Dripping faucets and leaks developing around sinks, tubs, and toilets may indicate foundation problems if no other cause is found. Settlement puts stress on pipes, which leads to slow drips and leaks. Foundation sinking can abruptly break piping and create sudden leaks at joints. Cracks in foundation walls also allow water intrusion from outside to damage interior plumbing.
Watch existing cracks over several weeks to see if they are enlarging, which indicates an active foundation problem. Settlement cracks will stay the same for long periods, whereas foundation cracks steadily worsen as the sinking continues. Gaps may widen enough over time to allow mice or insects to get in. Mark crack locations with tape and write dates to track changes.
Look for items like fences, deck railings, landscaping walls, and concrete paths near the home's foundation that appear tilted, shifted, or rotating. This warns the ground is moving differentially under part of the foundation, causing instability. Settlement would not cause rotating objects, only general loosening, and separation. Make sure covers are tight on these items to check for recent movement.

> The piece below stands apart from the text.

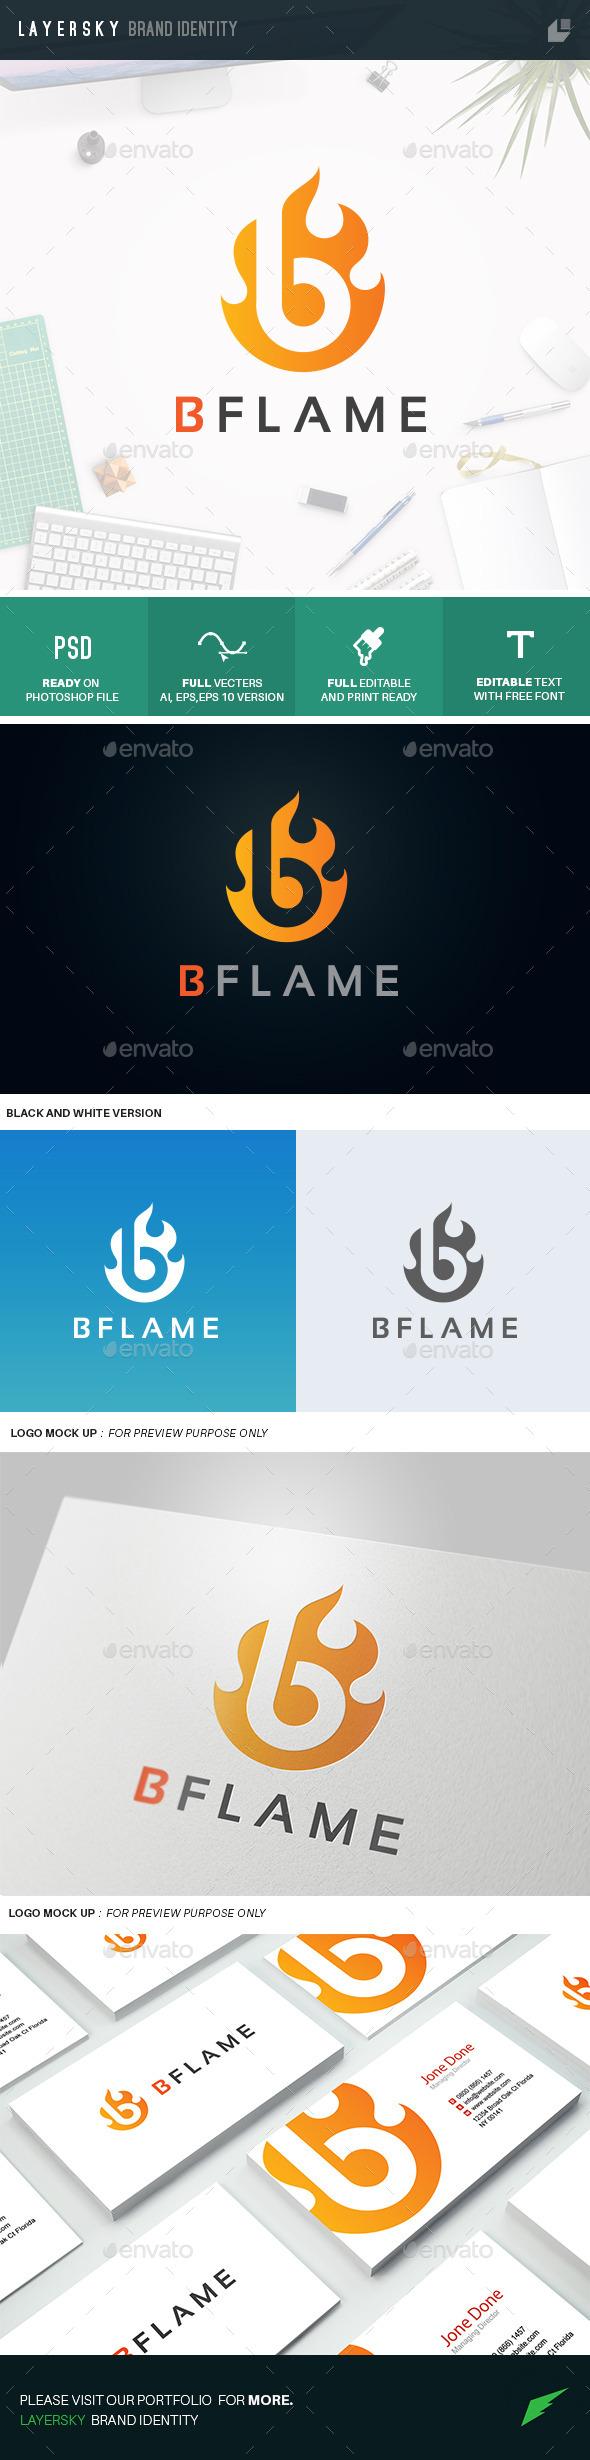 GraphicRiver B Flame 11373305

Pay attention over time for sticking doors that previously operated fine or new gaps forming between moldings, countertops, cabinets, and floors. These gradual changes signal foundation sinking. If settlement was occurring, you'd see consistent looseness rather than new sticking or separations. Constantly evolving symptoms indicate worsening foundation instability.

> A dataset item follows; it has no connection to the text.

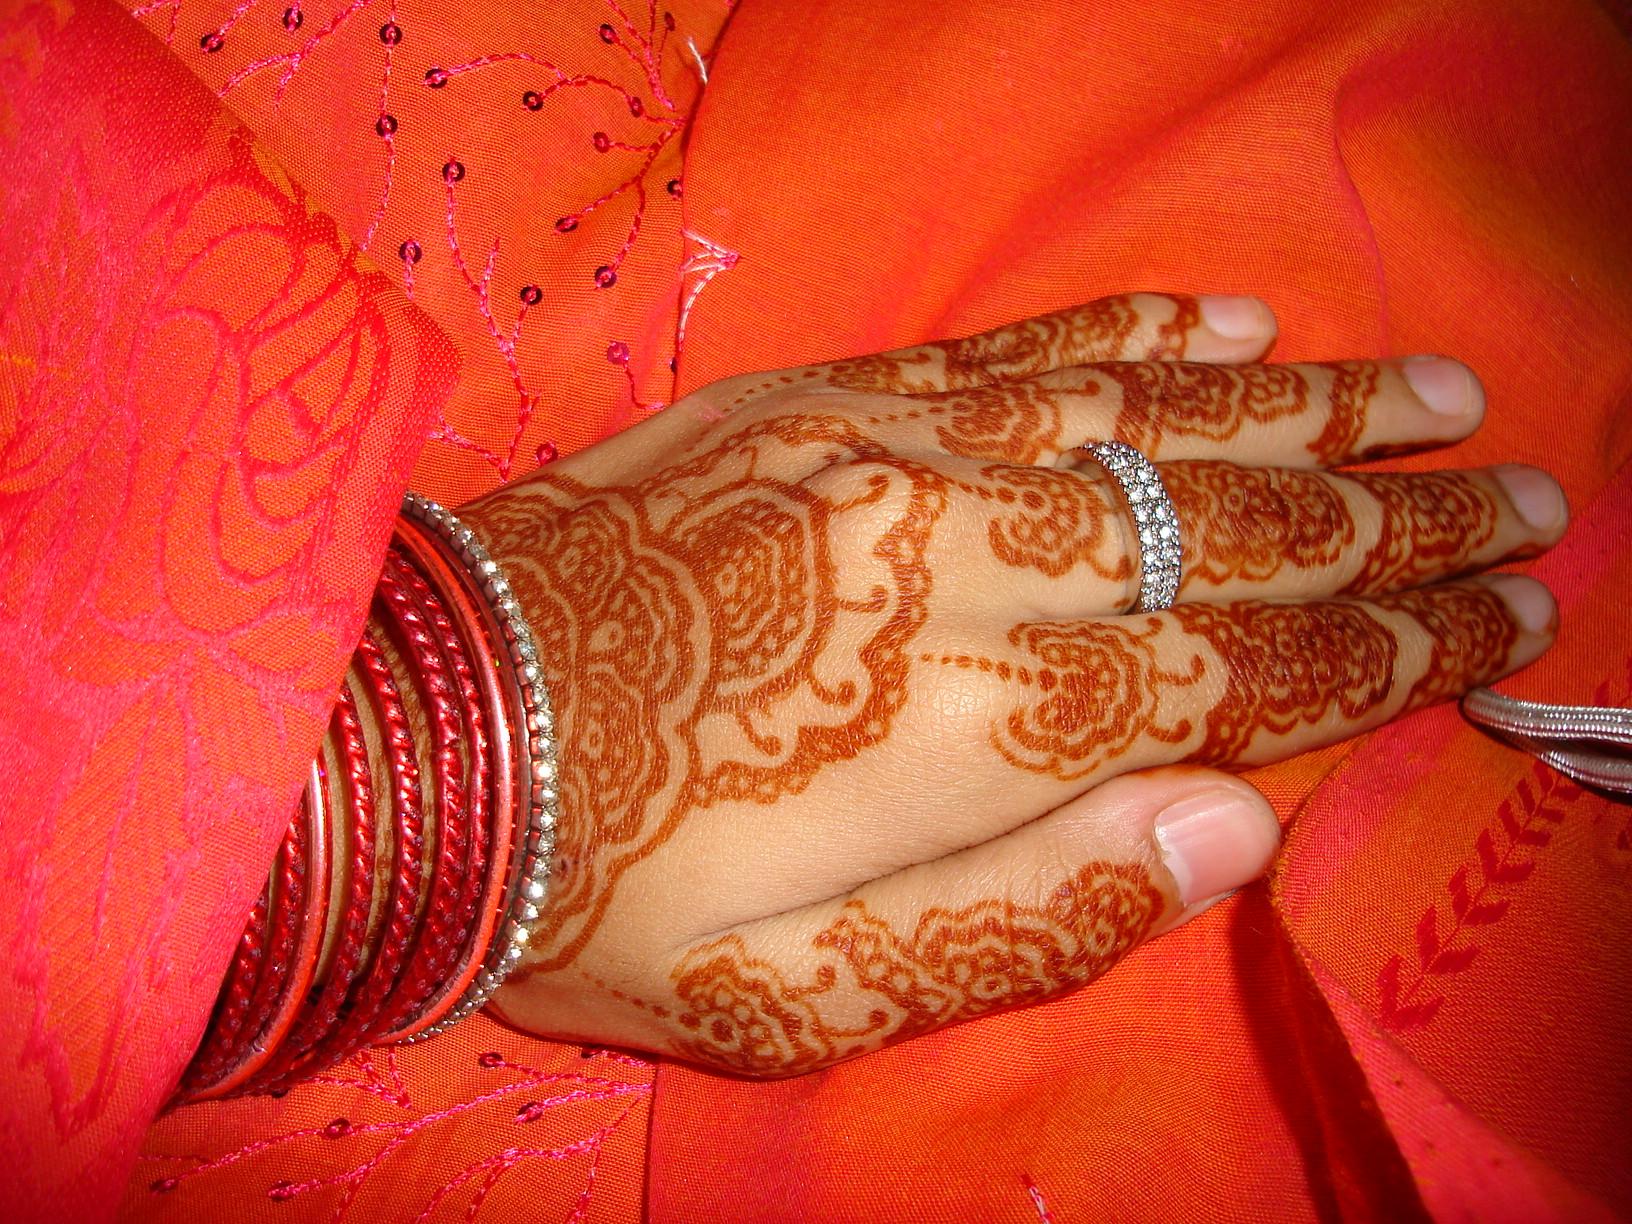 File:Henna decoration on palm prior to Islamic wedding.jpg ...

Check areas around the foundation for signs of poor drainage like water pooling, algae growth, erosion, or damp soil. Improper grading and insufficient runoff from roof gutters can allow excess water against the foundation, which softens the ground and enables sinking. Proper drainage helps prevent foundation issues, so improper drainage points to this cause.
If you suspect foundation problems, have a structural engineer, foundation repair company, or home inspector examine the house and take elevation measurements. They can definitively determine if the symptoms are due to settlement or foundation failure. This evaluation is crucial to designing the right repairs and preventing further damage. A trained professional can detect issues you might miss.
Noticing concerning signs in your home can be unsettling, but carefully evaluating the differences between settlement and foundation issues empowers you to understand what is happening. Look thoroughly throughout the interior and exterior for patterns of cracking, shifting, sticking, and leakage that points to a foundation problem versus general home settling. Monitor changes over time and have a professional assessment done if needed. Staying informed about the structural condition of your home is key to getting any necessary repairs addressed promptly to prevent further damage. With a methodical approach, you can determine if foundation problems are causing the symptoms and maintain the stability of your home.
About Dayton Foundation Repair Experts
Dayton Foundation Repair Experts are the local area's #1 concrete slab and pier & beam experts. We work diligently to bring our customers affordable services they can fully depend on. To schedule a no-strings-attached inspection and estimate, please call (937) 998-4353.
When should I be concerned about house settling?
Settling that occurs during the first two years after construction is normal as the house adjusts. However, ongoing settling after the initial period or any sudden shifts signals a potential problem that should be inspected further.
How do you diagnose foundation problems?
Look for signs like sticking doors, sloping floors, exterior cracks, and leakage issues that get progressively worse over time. Consulting a structural engineer to do a thorough evaluation and take elevation measurements can definitively diagnose foundation failure and guide appropriate repairs.